# Functions – Problems

### Functions – Problems

1. f: R → R defined by f (x) = sinx and g: R → R defined by g (x) = x², fog (x) =?

Solution: Given that

f (x) = sin x

g (x) = x²

fog (x) = f [g (x)]

= f [x²]

= sin x².

2. If f: [-6, 6] → R is defined by f (x) = x² – 3 for x ϵ R then (fofof) (-1) + (fofof) (0) + (fofof) (1) =?

Solution: Given

f (x) = x² – 3

Now f (-1) = (-1)² – 3 = -2

fof (-1) = f (-2) = (-2)² – 3 = 1

⇒ fofof (-1) = f (1) = (1)² – 3 = -2

Now f (0) = 0 – 3 = -3

fof (0) = (-3)² – 3

= 9 – 3

= 6

fofof (0) = (6)² – 3

= 36 – 3

= 33

Now f (1) = (1)² – 3

= – 2

fof (1) = (-2)² – 3

= 4 – 3

= 1

fofof (1) = (1)² – 3

= -2

fofof (-1) + fofof (1) + fofof (-1) = -2 + 3 – 2 = 29

f (4√2) = (4√2)² – 3

= 32 – 3

= 29.

3. If y = f (x) = $$\frac{2x-1}{x-2}$$ then f (y)

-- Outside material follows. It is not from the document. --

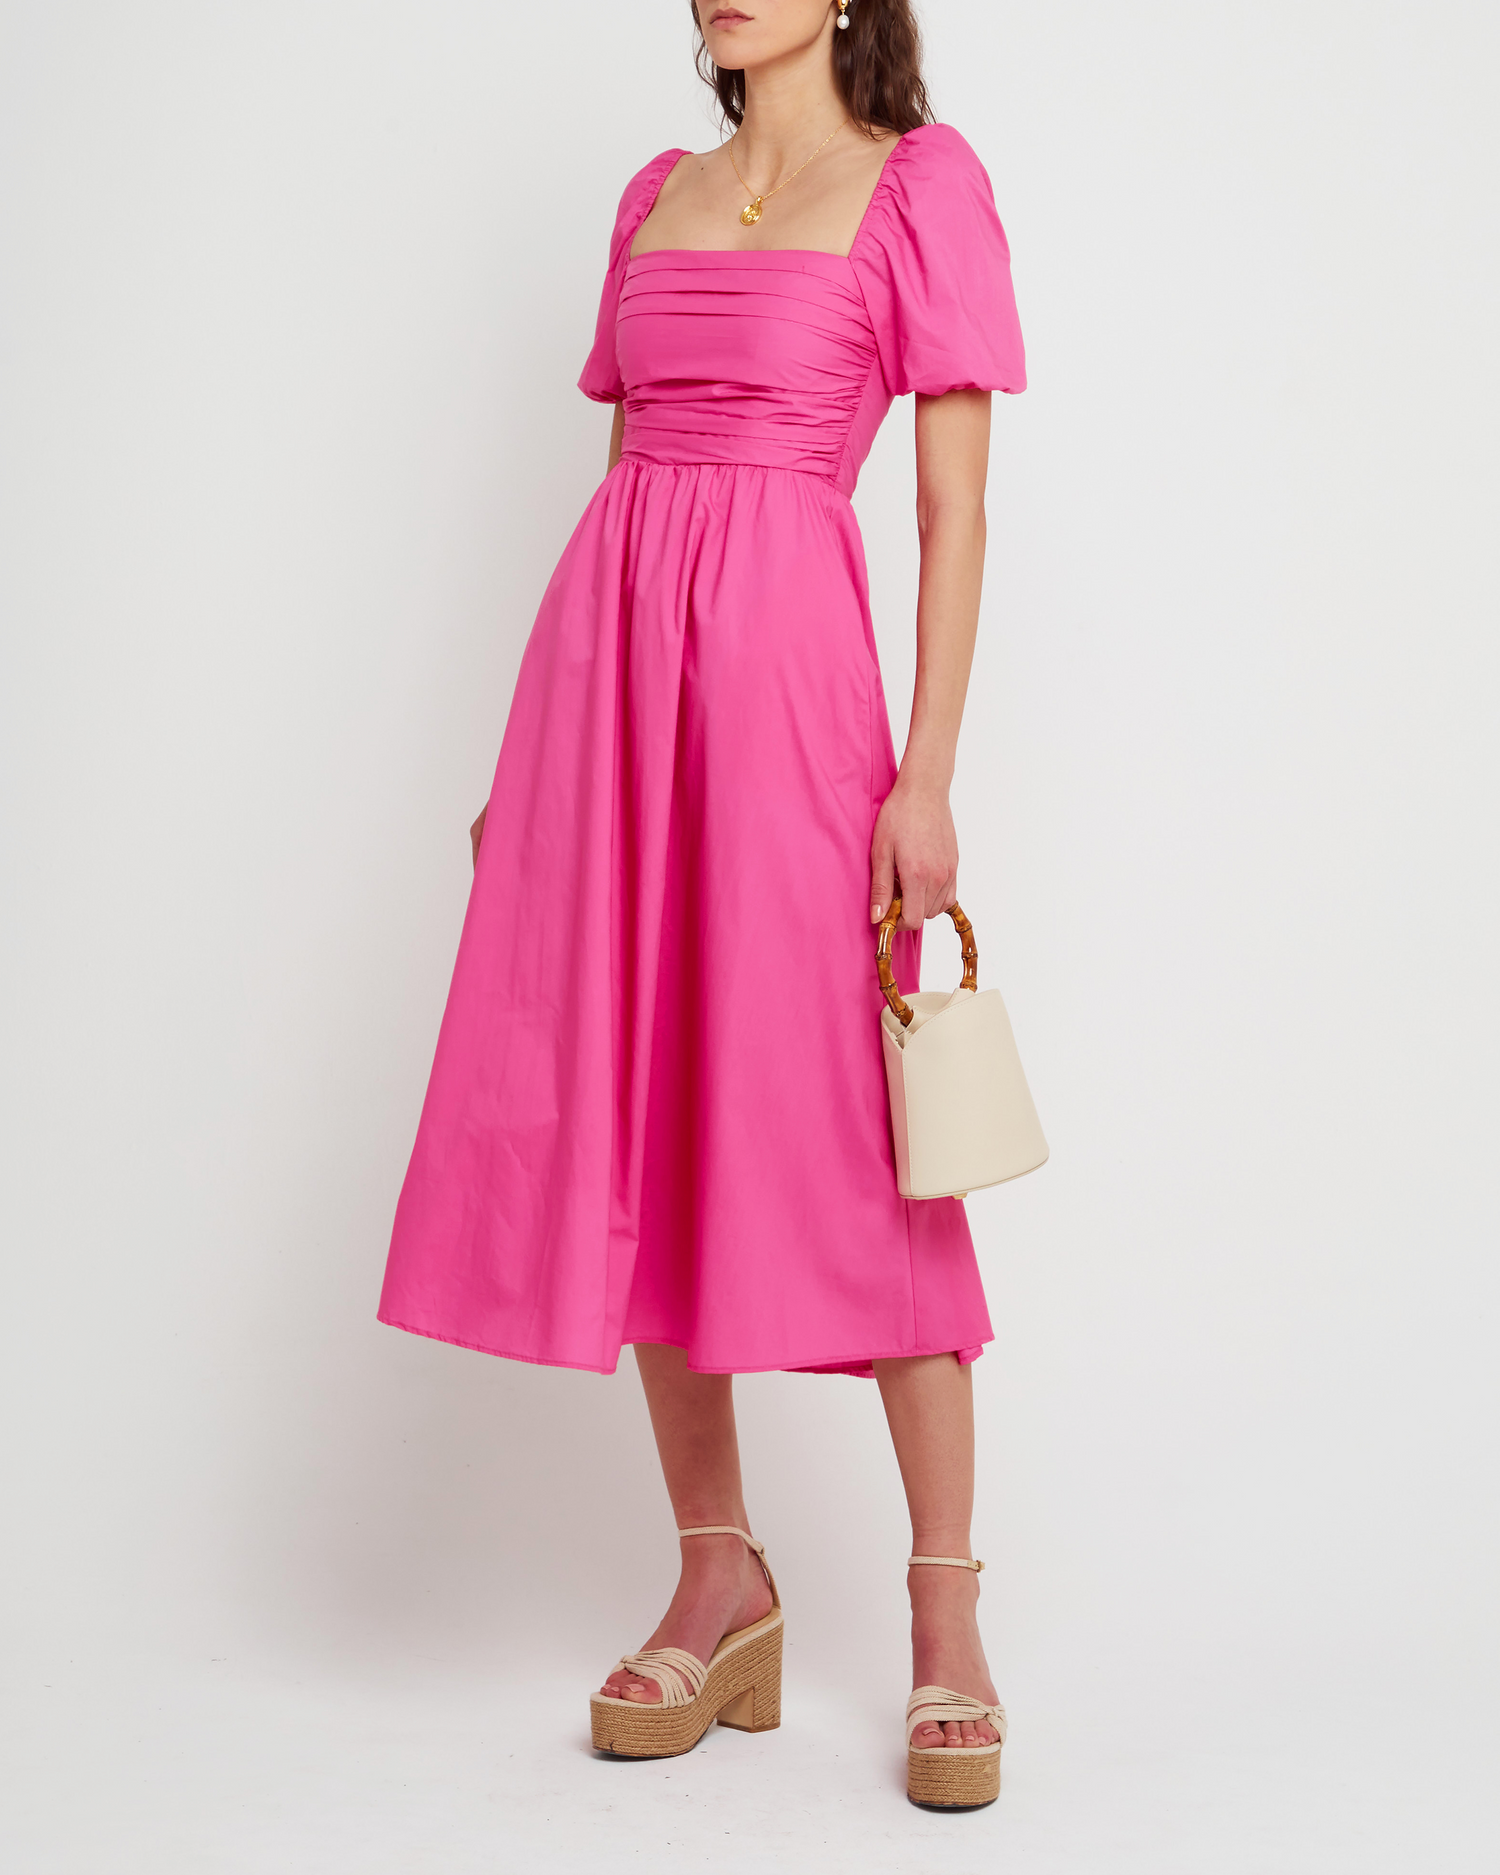 Fourth image of River Dress, a pink midi dress, square neckline, short puff sleeves, gathered bodice
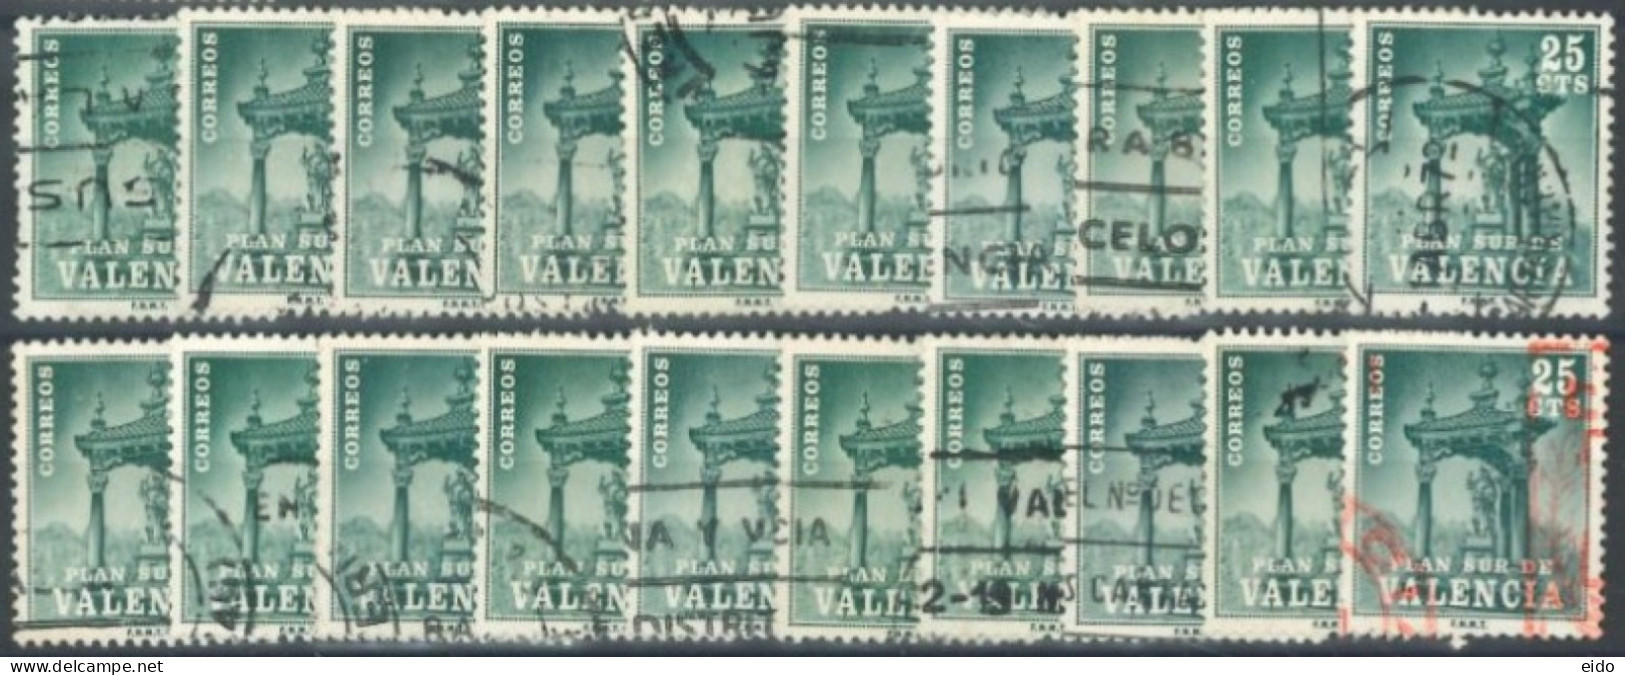 SPAIN, VALENCIA STAMP QTY. 20 DISCOUNTED (SPECIAL PRICE), USED. - Usati

Solution: y = f (x) = $$\frac{2x-1}{x-2}$$,

x = f (y) = $$\frac{2y-1}{y-2}$$ … 1

$$f(x)=\frac{2x-1}{x-2}$$.

$$y=\frac{2x-1}{x-2}$$.

yx – 2y = 2x – 1

yx – 2x = – (1 – 2y)

x (y – 2) = 2y – 1

$$x=\frac{2y-1}{y-2}$$,

∴ f (y) = x = $$\frac{2y-1}{y-2}$$ (since from equation 1).

4. If $$f(x)=\frac{2x+1}{x+2}$$ then what is the inverse function.

Solution: $$f(x)=\frac{(2x+1)}{(x+2)}$$,

Let$$y=\frac{(2x+1)}{(x+2)}$$,

Multiply by (x + 2)

⇒ y (x + 2) = 2x + 1

⇒ yx + 2y = 2x + 1

⇒ yx – 2x = 1 – 2y

⇒ x (y – 2) = 1 – 2y

⇒ $$x=\frac{1-2y}{(y-2)}$$,

Then the inverse is $${{f}^{-1}}(x)=\frac{(1-2x)}{(x-2)}$$.